Data for the task →
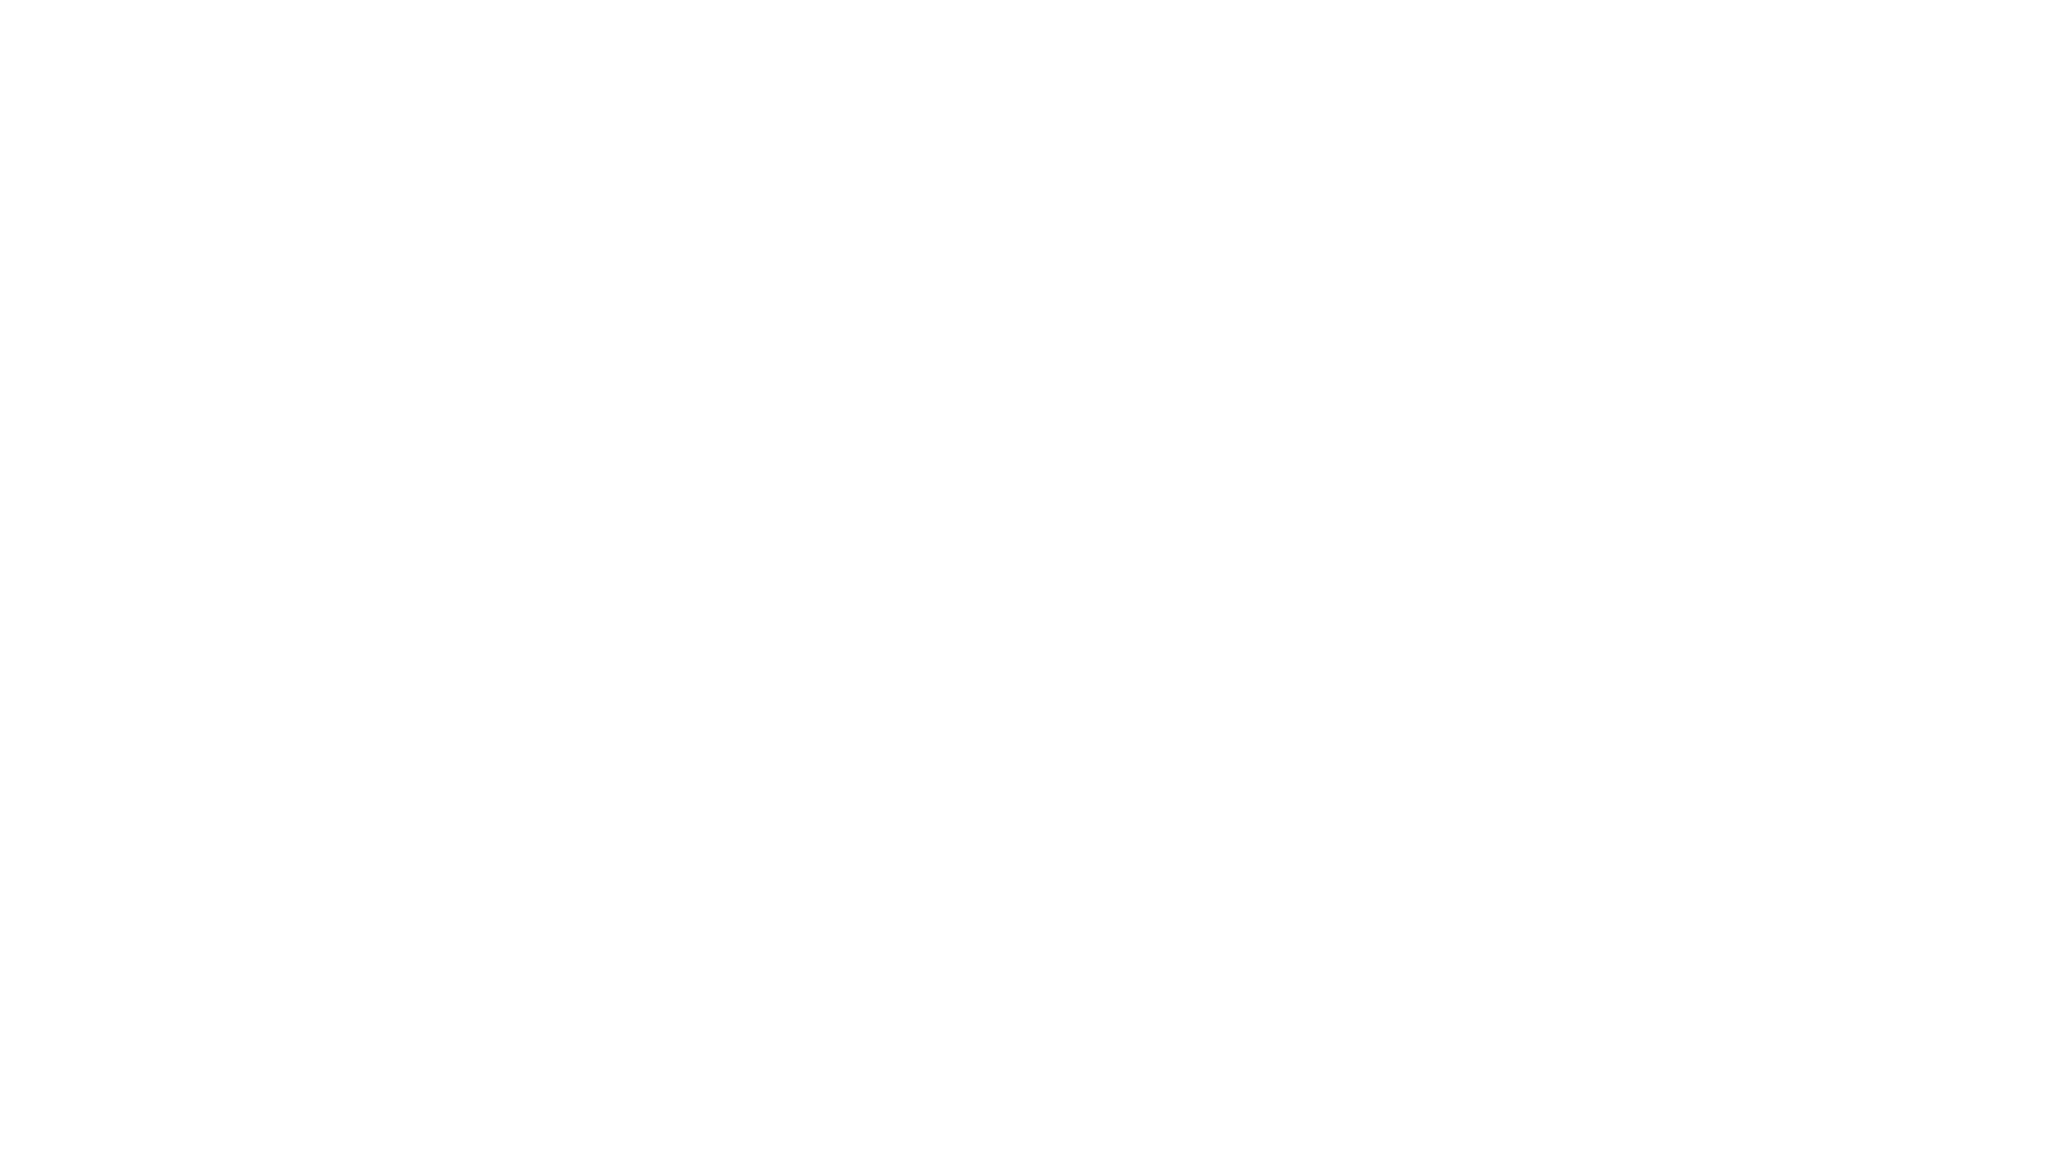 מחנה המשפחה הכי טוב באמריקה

---

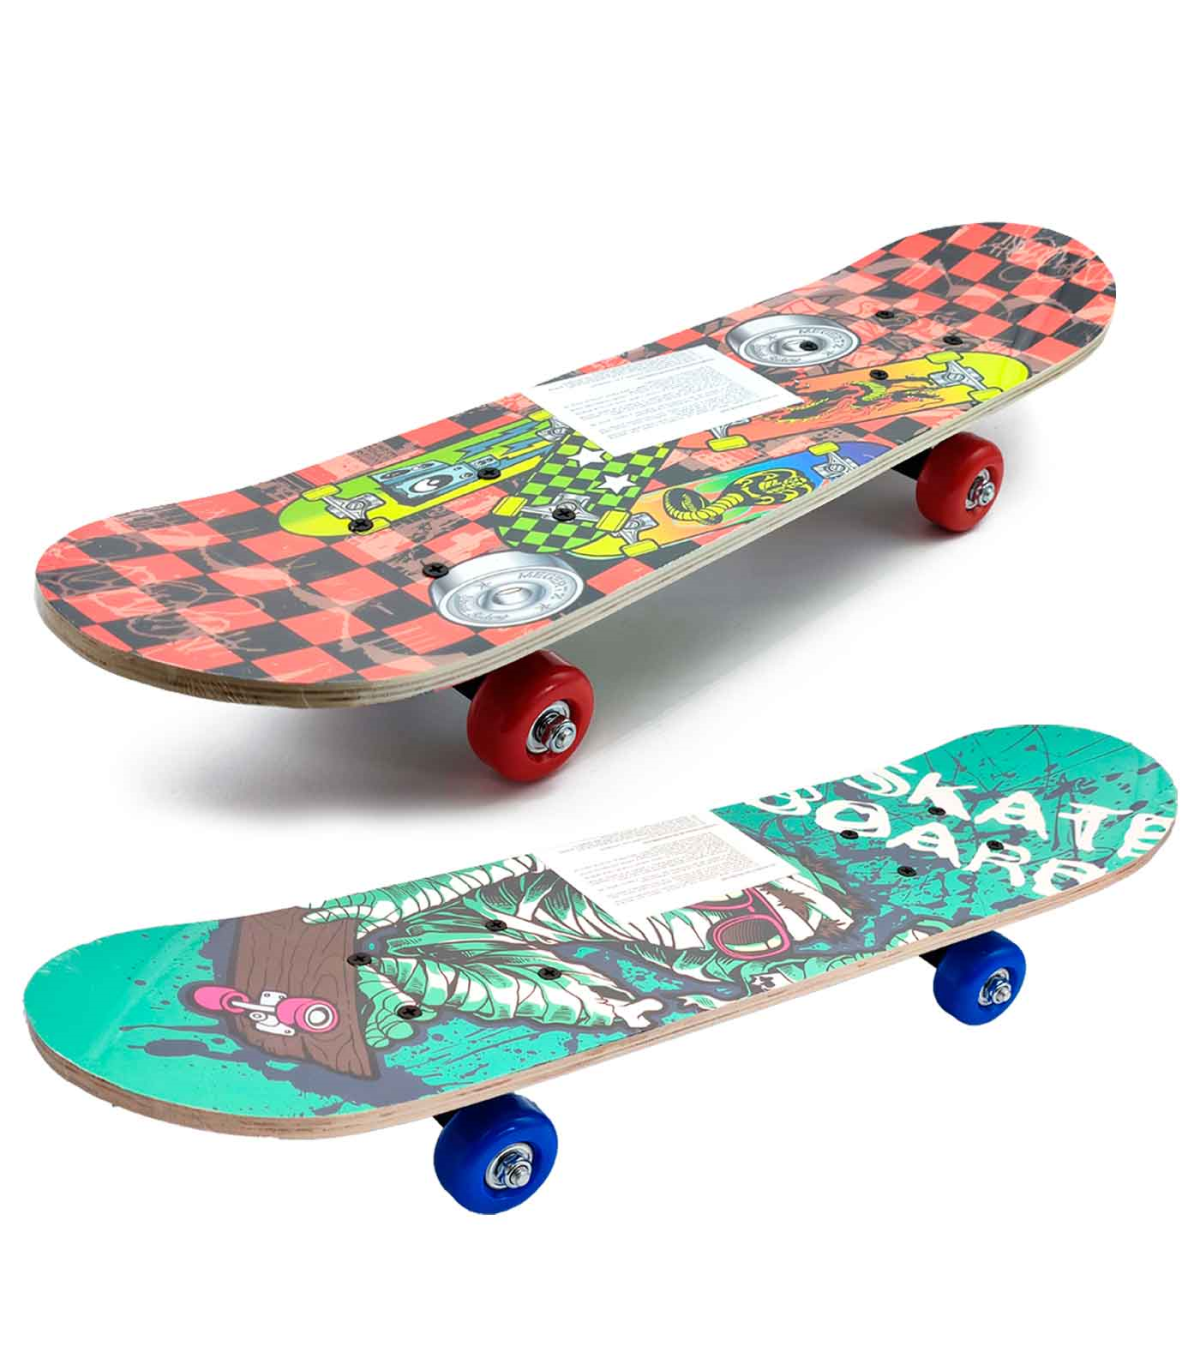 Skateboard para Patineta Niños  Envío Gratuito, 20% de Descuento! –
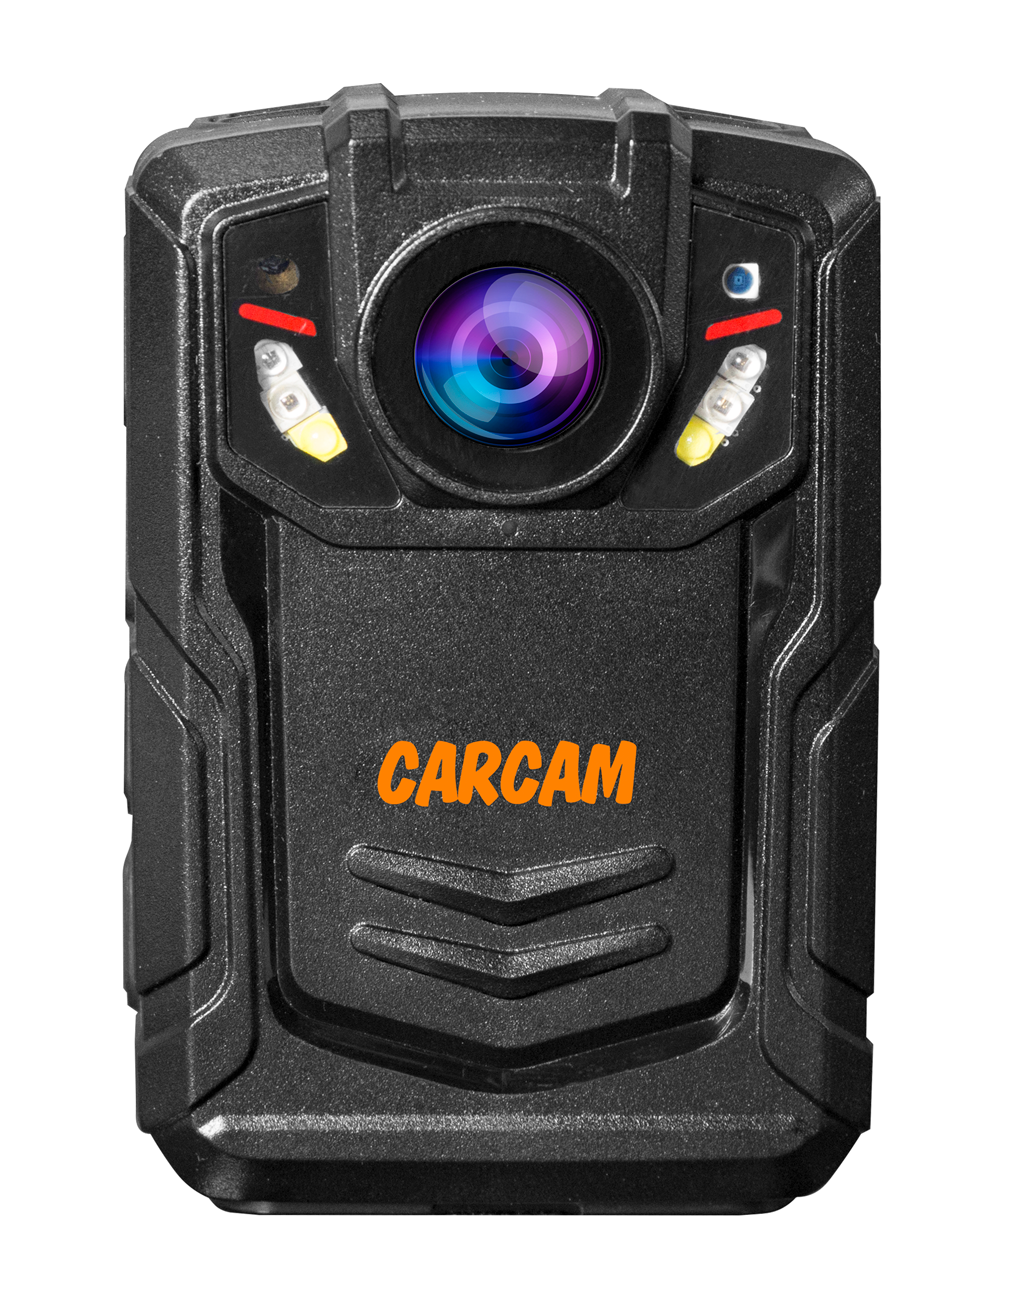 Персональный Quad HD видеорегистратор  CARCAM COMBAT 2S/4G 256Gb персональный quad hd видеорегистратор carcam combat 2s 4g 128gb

What you will do → Please return the material above only from the line that holds "Skateboard para Patineta" through the line that holds "2s 4g 128gb", exactly as it stands, ends included and pictures omitted.

Task output →
 Skateboard para Patineta Niños  Envío Gratuito, 20% de Descuento! –
 Персональный Quad HD видеорегистратор  CARCAM COMBAT 2S/4G 256Gb персональный quad hd видеорегистратор carcam combat 2s 4g 128gb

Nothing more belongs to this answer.